16:00:55 <ihrachys> #startmeeting neutron_ci
16:00:56 <openstack> Meeting started Tue Mar 14 16:00:55 2017 UTC and is due to finish in 60 minutes.  The chair is ihrachys. Information about MeetBot at http://wiki.debian.org/MeetBot.
16:00:58 <openstack> Useful Commands: #action #agreed #help #info #idea #link #topic #startvote.
16:00:58 <manjeets> hi
16:01:00 <openstack> The meeting name has been set to 'neutron_ci'
16:01:07 <ihrachys> hi everyone
16:01:21 <jlibosva> hi
16:01:43 <dasanind> hi
16:02:10 * ihrachys waves back at manjeets, jlibosva, and dasanind
16:02:11 <ihrachys> #topic Action items from previous meeting
16:02:26 <ihrachys> first was: "ihrachys fix e-r bot not reporting in irc channel"

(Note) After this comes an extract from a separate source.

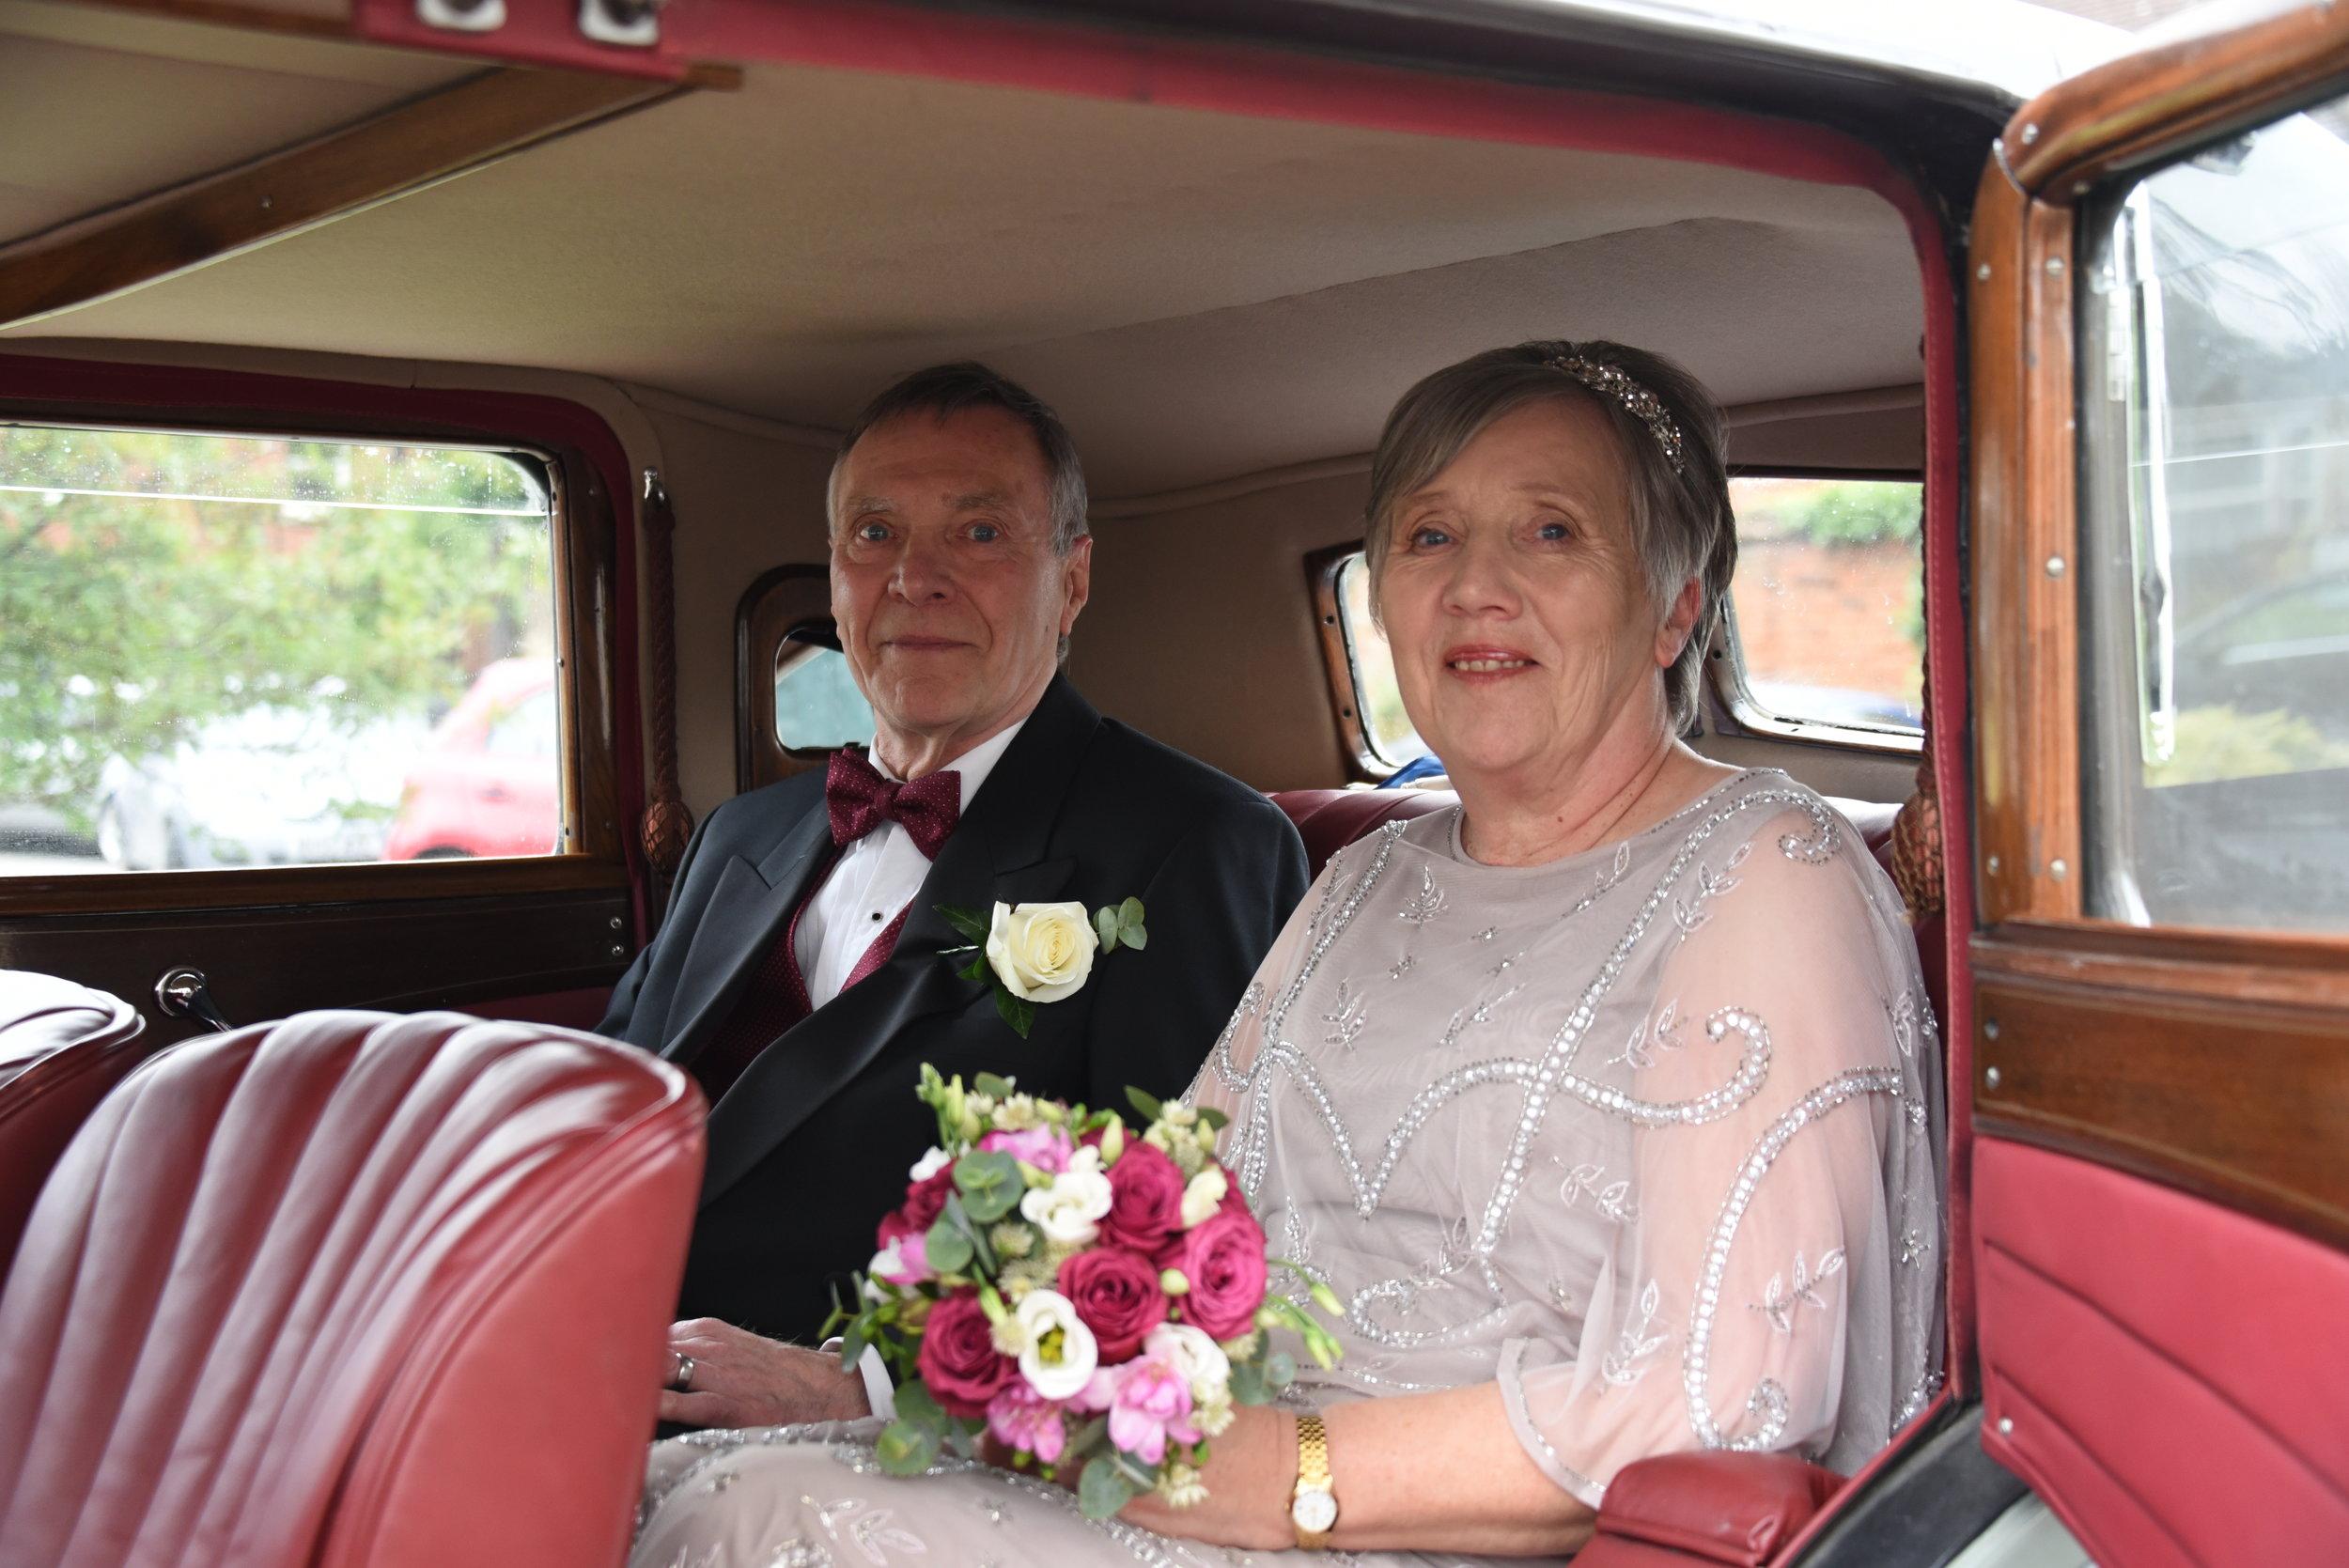 Brenda+Willens+bride+arriving.jpg
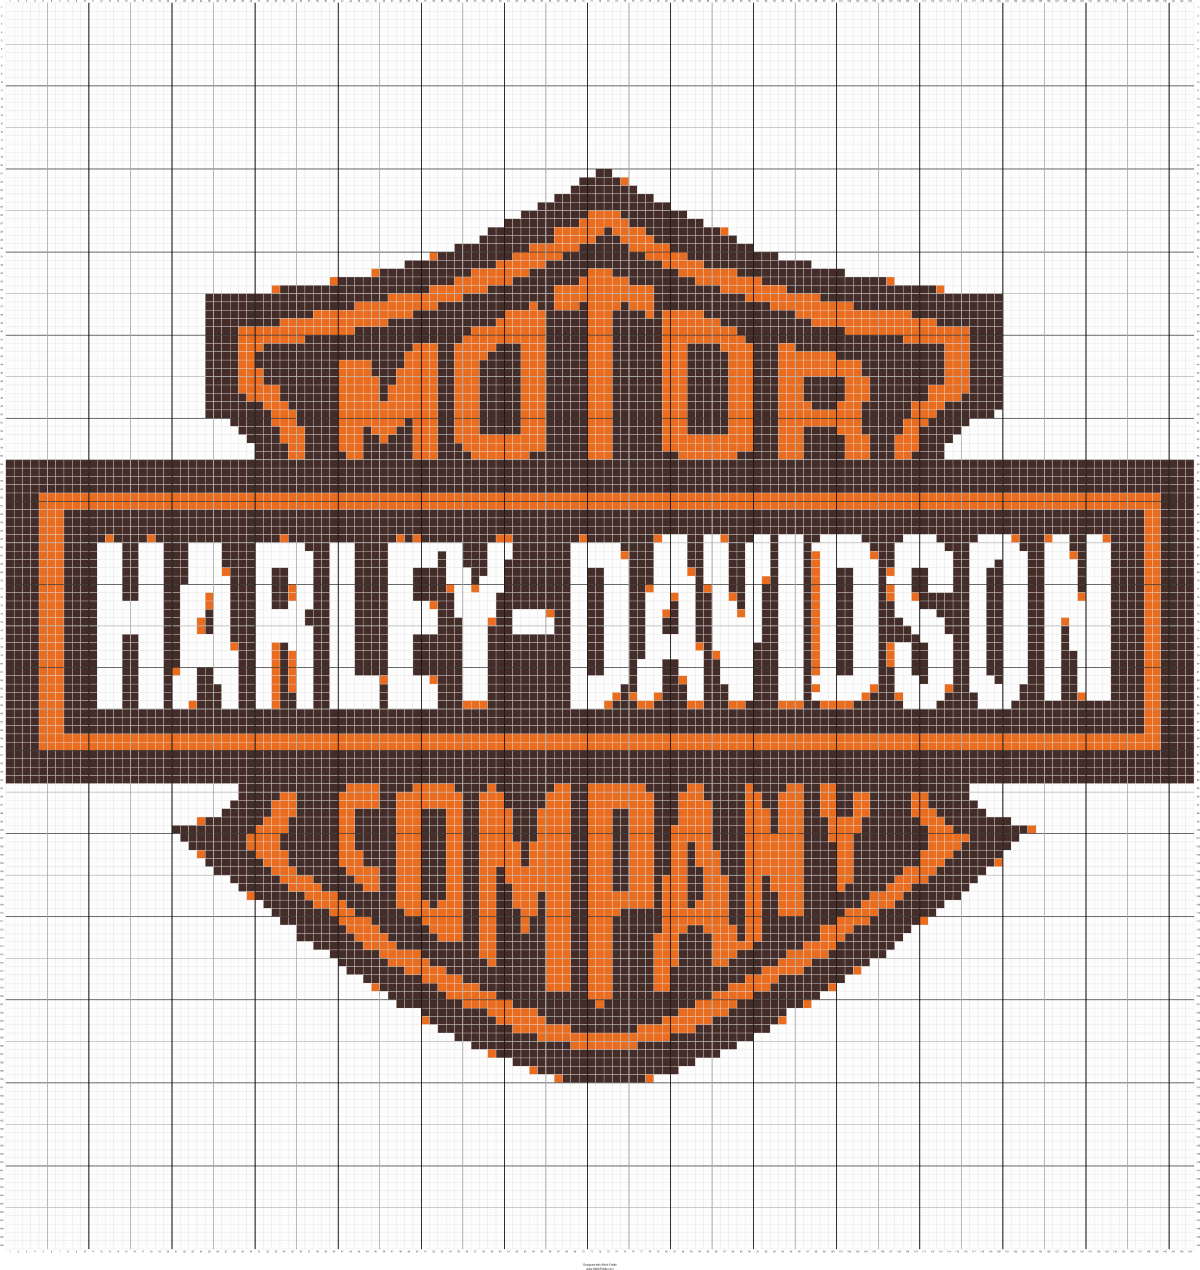 Harley Davidson Graph To Make A C2c Afghan Afghan Patterns

16:03:15 <ihrachys> I haven't got to that one just yet, need to talk to mtreinish I guess on why it's not reporting, I suspect wrong configuration that is too limiting. lemme repeat the action for the next week.
16:03:21 <ihrachys> #action ihrachys fix e-r bot not reporting in irc channel
16:03:32 <ihrachys> next was "ihrachys to clean up dsvm-scenario flavor handling from gate-hook"
16:03:35 <ihrachys> that happened
16:03:49 <ihrachys> we landed https://review.openstack.org/#/c/442758/
16:05:03 <ihrachys> beyond cleanup, there is some failure in ovs scenario job that started showing up after latest hook rework
16:05:08 <ihrachys> we will discuss later
16:05:22 <ihrachys> next was "ihrachys to walk thru list of open gate failure bugs and give them love"
16:05:30 <ihrachys> I did, closed some bugs that didn't seem relevant
16:05:39 <ihrachys> ok next was "ihrachys to chase down armax on d-g local.conf breakage assessment for stadium"
16:06:31 <ihrachys> armax posted some patches since then: https://review.openstack.org/442884 for client, https://review.openstack.org/442890 for fwaas
16:06:55 <ihrachys> both were backported into stable branches
16:07:32 <ihrachys> there is also ongoing work for sfc gate: https://review.openstack.org/#/c/445037/ and https://review.openstack.org/#/c/442882/
16:07:45 <ihrachys> I assume that's all there is
16:08:10 <ihrachys> ok next was "haleyb and mlavalle to investigate what makes dvr gate job failing with 25% rate"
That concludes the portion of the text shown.